WASHINGTON – U.S. Senator Bill Cassidy, M.D. (R-LA) grilled the Executive Director for Suicide Prevention at the Department of Veterans Affairs (VA), Matthew Miller, after an Office of Inspector General (OIG) report found that a 2021 veteran suicide was improperly handled. The report also found that VA employees interfered with the OIG investigation into the death. VA responded to the OIG findings by moving the executive director of the VCL to a senior position in the secretary’s office.
“We’ve passed accountability measures for people who don’t do their job,” said Dr. Cassidy. “And it sounds like interfering with an investigation of a suicide, which may have been inappropriately handled on a veterans’ crisis line, is incompetence.”
“It sounds like somebody was asleep at the wheel,” said Dr. Cassidy. “Now the question is was it just incompetence or was it just a cover-up.”
After being stonewalled by Miller, Cassidy called for VA officials to be held accountable.

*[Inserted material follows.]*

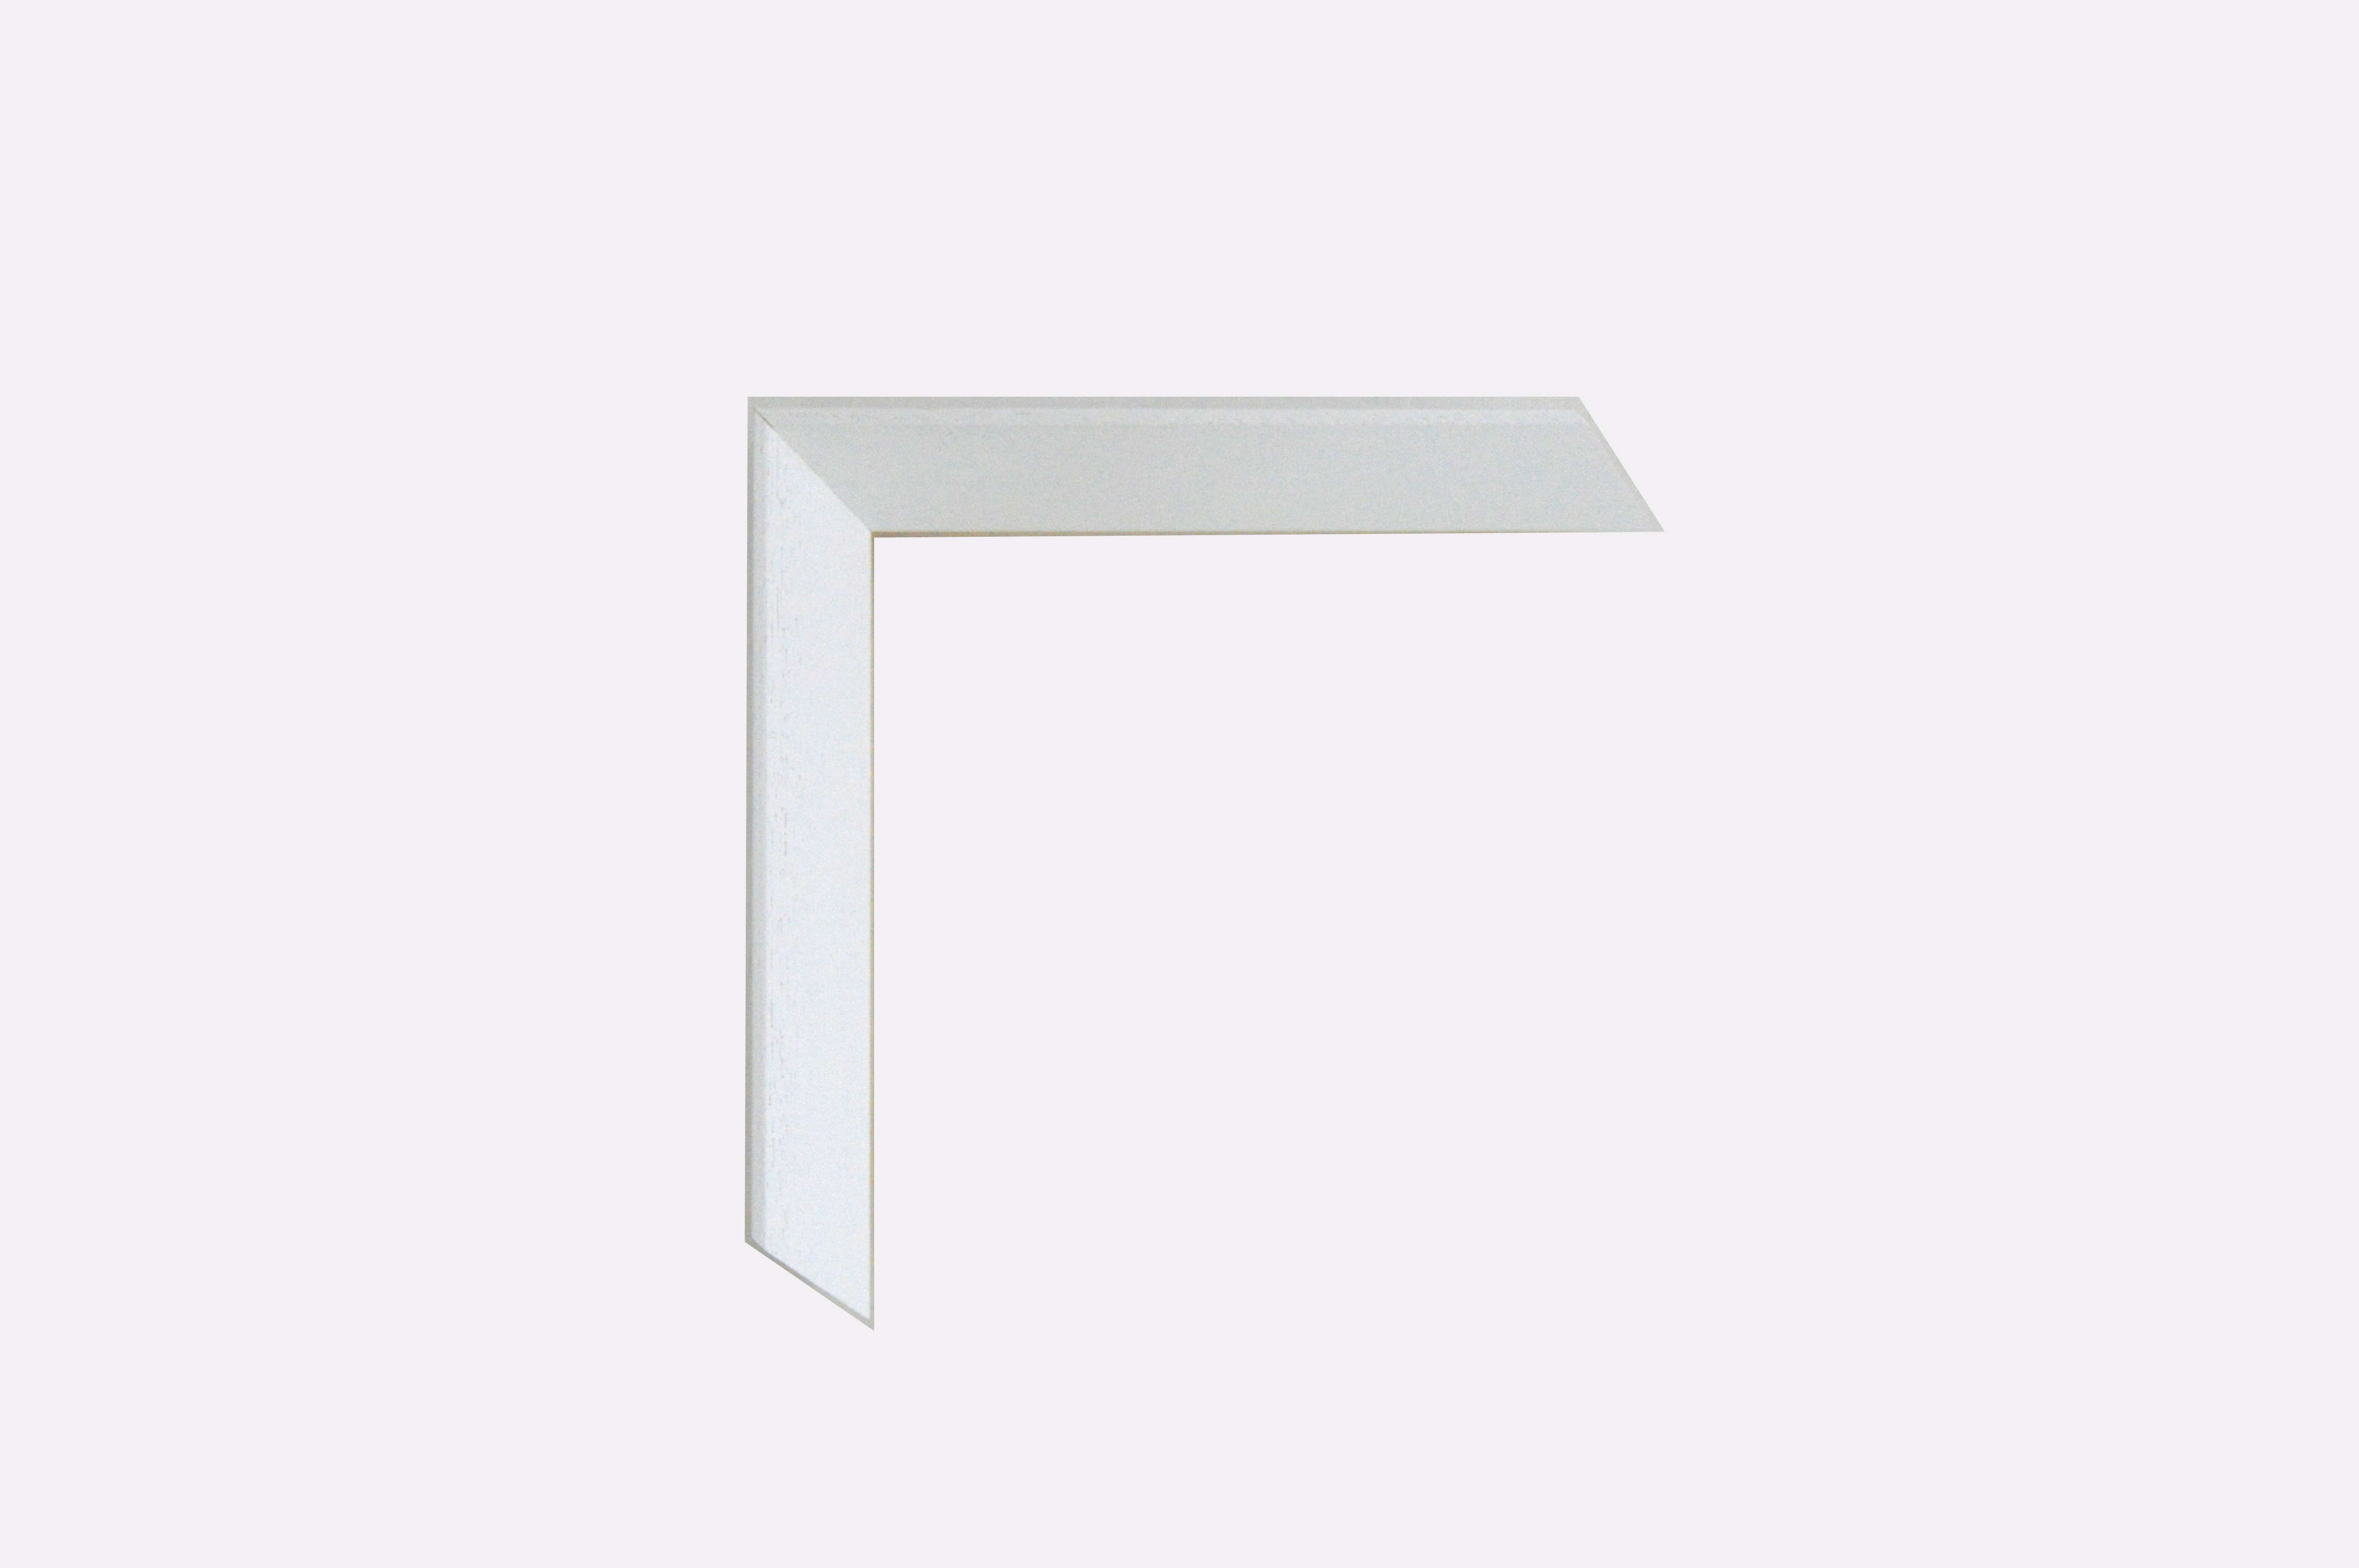 01112-380-BISEL BLANCA-ancho2cm

“That veteran was ill-served, and there was as best as I can tell, an attempt not to hold people accountable,” concluded Dr. Cassidy. “And my gosh, that is a pattern.”
Background
The OIG report published on September 14th found that the Veterans Crisis Line (VCL) staff failed to take appropriate action with a veteran who died by suicide the same night he contacted the VCL. The VCL leadership then interfered with the OIG investigation, coaching staff prior to speaking with the OIG, according to the report.
The OIG also uncovered systemic issues, lack of standard operating procedures and policies for the VCL, and overall inadequate oversight. The report also discovered that the VCL Director for Quality and Training acted inappropriately and provided advice and information to the VCL responder prior to interviews with the OIG that potentially compromised the candidness of the interview.

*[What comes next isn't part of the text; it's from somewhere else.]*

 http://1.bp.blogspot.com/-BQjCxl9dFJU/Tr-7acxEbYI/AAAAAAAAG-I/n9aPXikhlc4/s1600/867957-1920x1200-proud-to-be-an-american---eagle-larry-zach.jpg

This summer, Cassidy led the passage of a congressional resolution to support veterans struggling with mental health challenges.

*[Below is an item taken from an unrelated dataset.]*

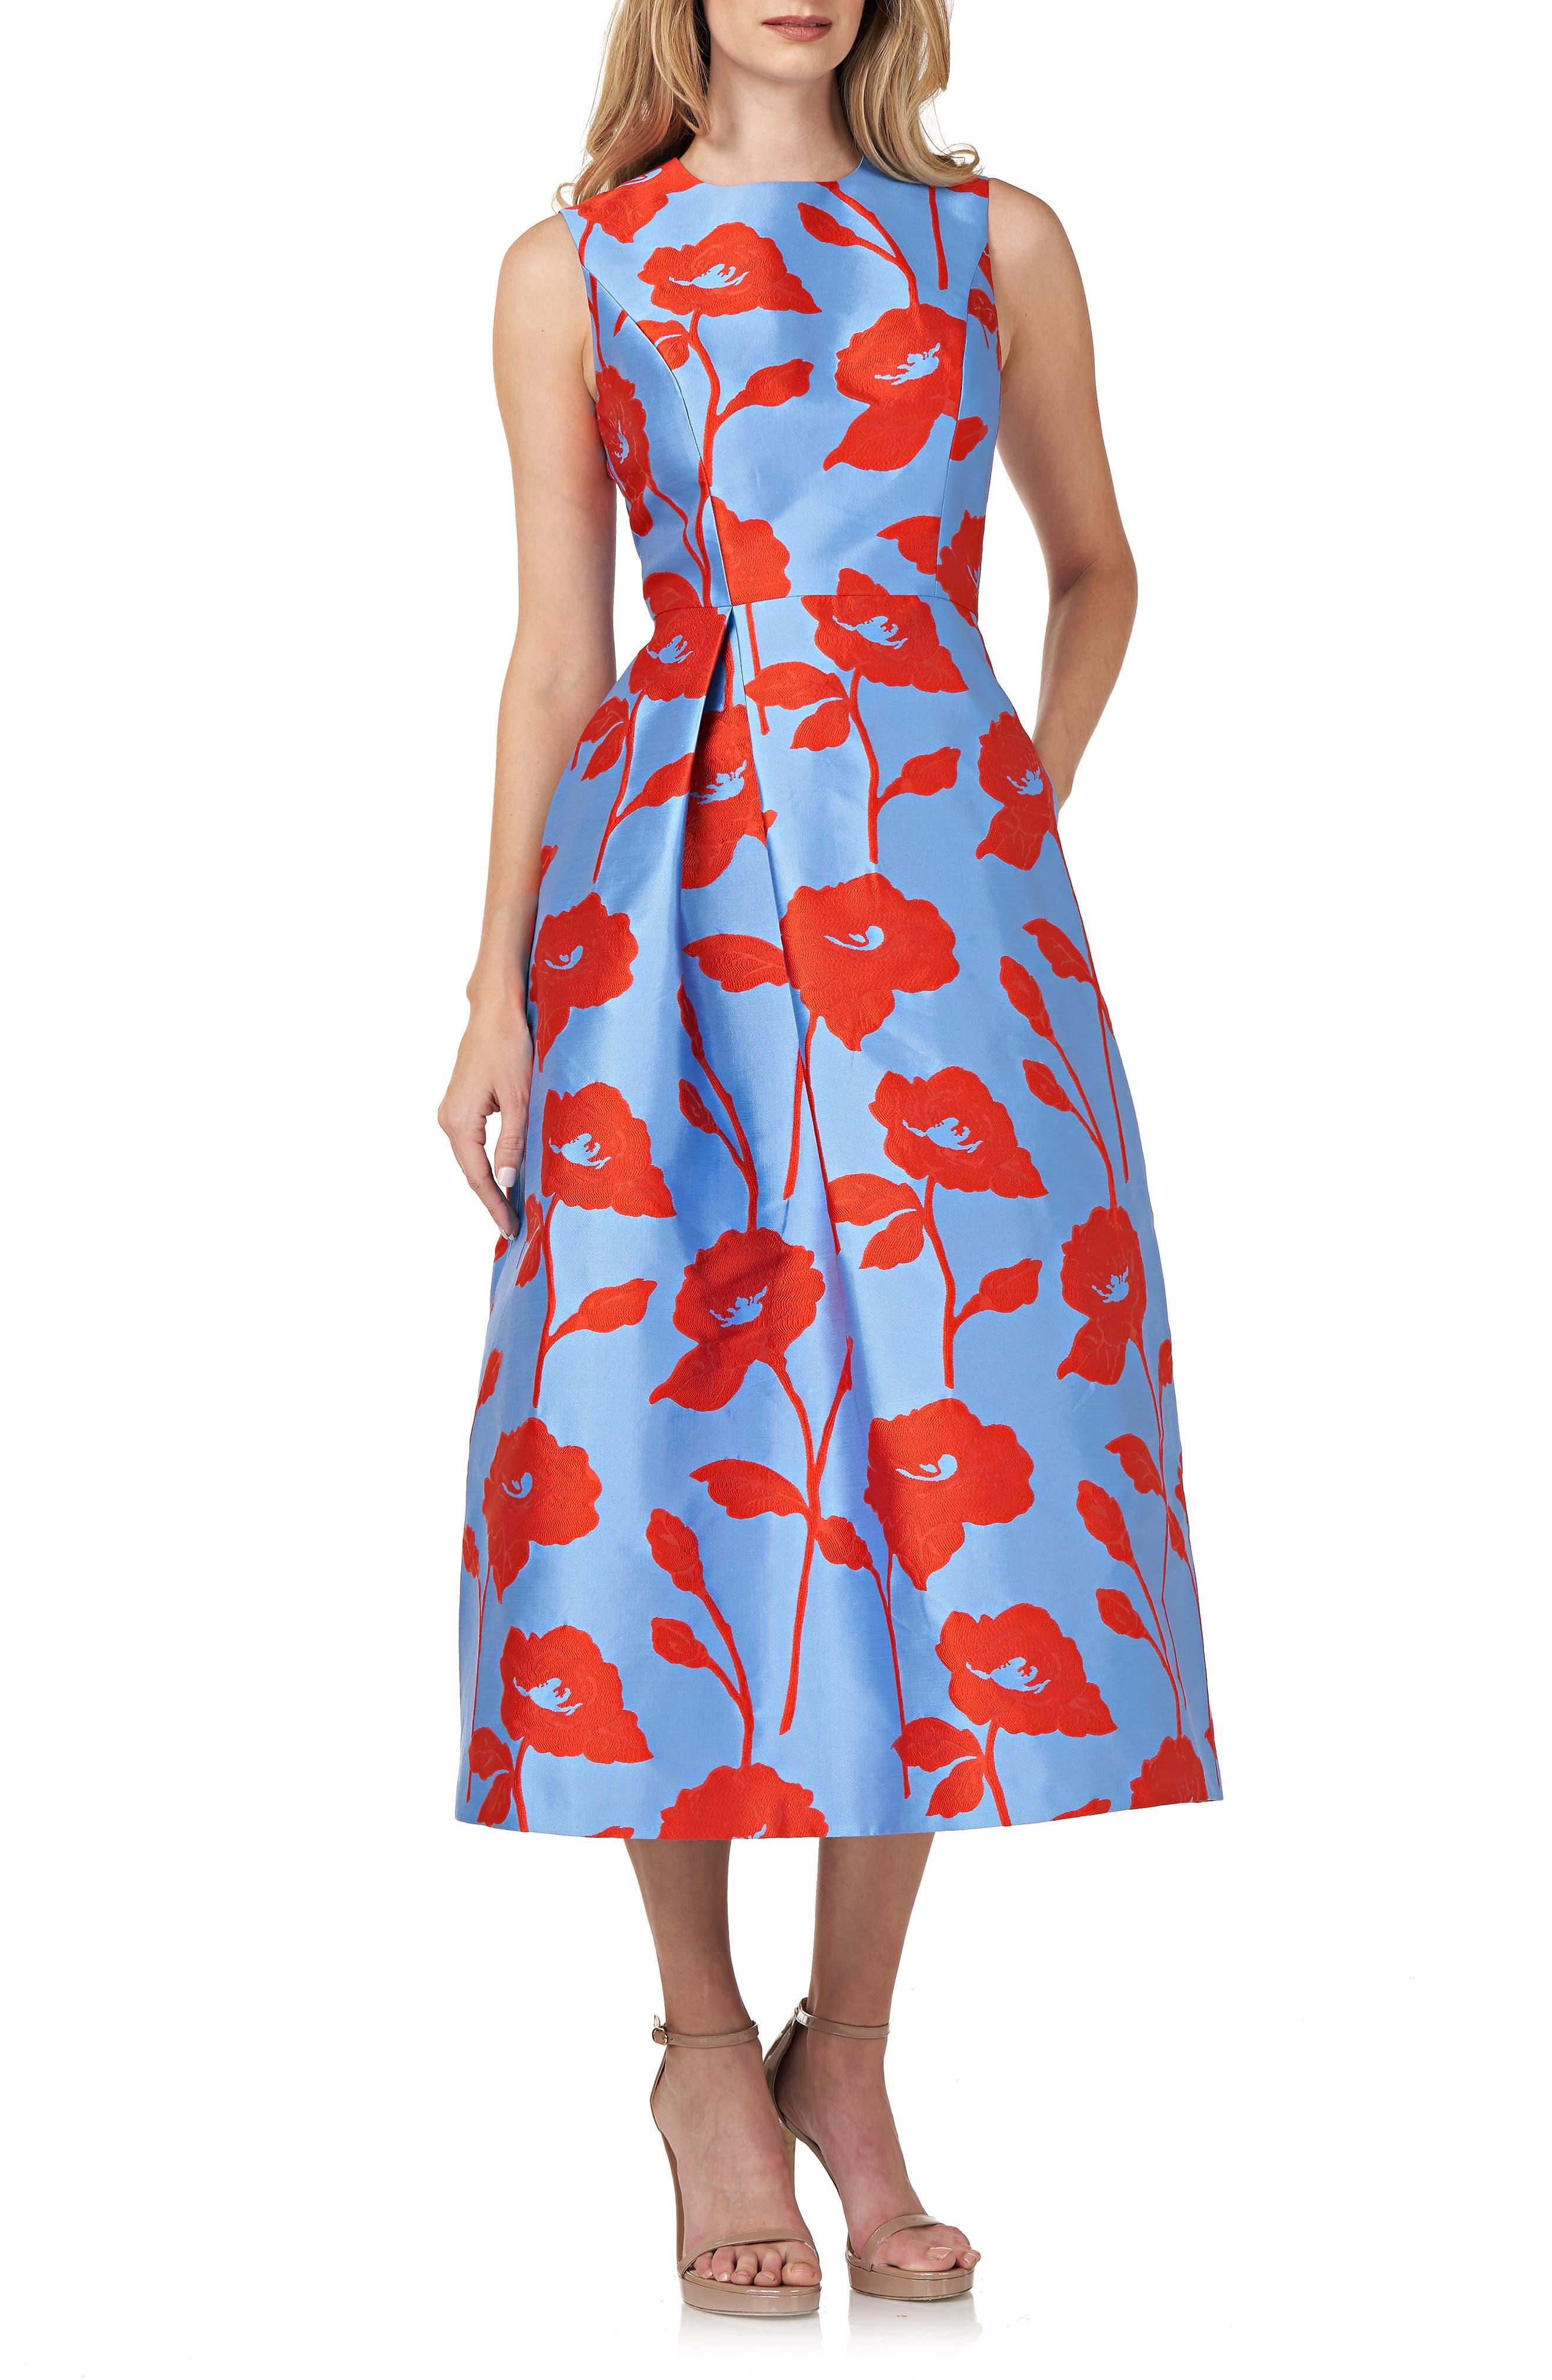 Floral Satin Jacquard Cocktail Dress

Last year, the Senate unanimously passed Cassidy’s Solid Start Act to strengthen the Department of Veterans Affairs’ (VA) Solid Start program to contact every veteran three times by phone in the first year after they leave active duty. The program helps connect veterans with VA programs and benefits, including mental health resources.
Cassidy also introduced the Mental Health Reform Reauthorization Act of 2022 to reauthorize and improve Cassidy’s historic 2016 mental health reform package.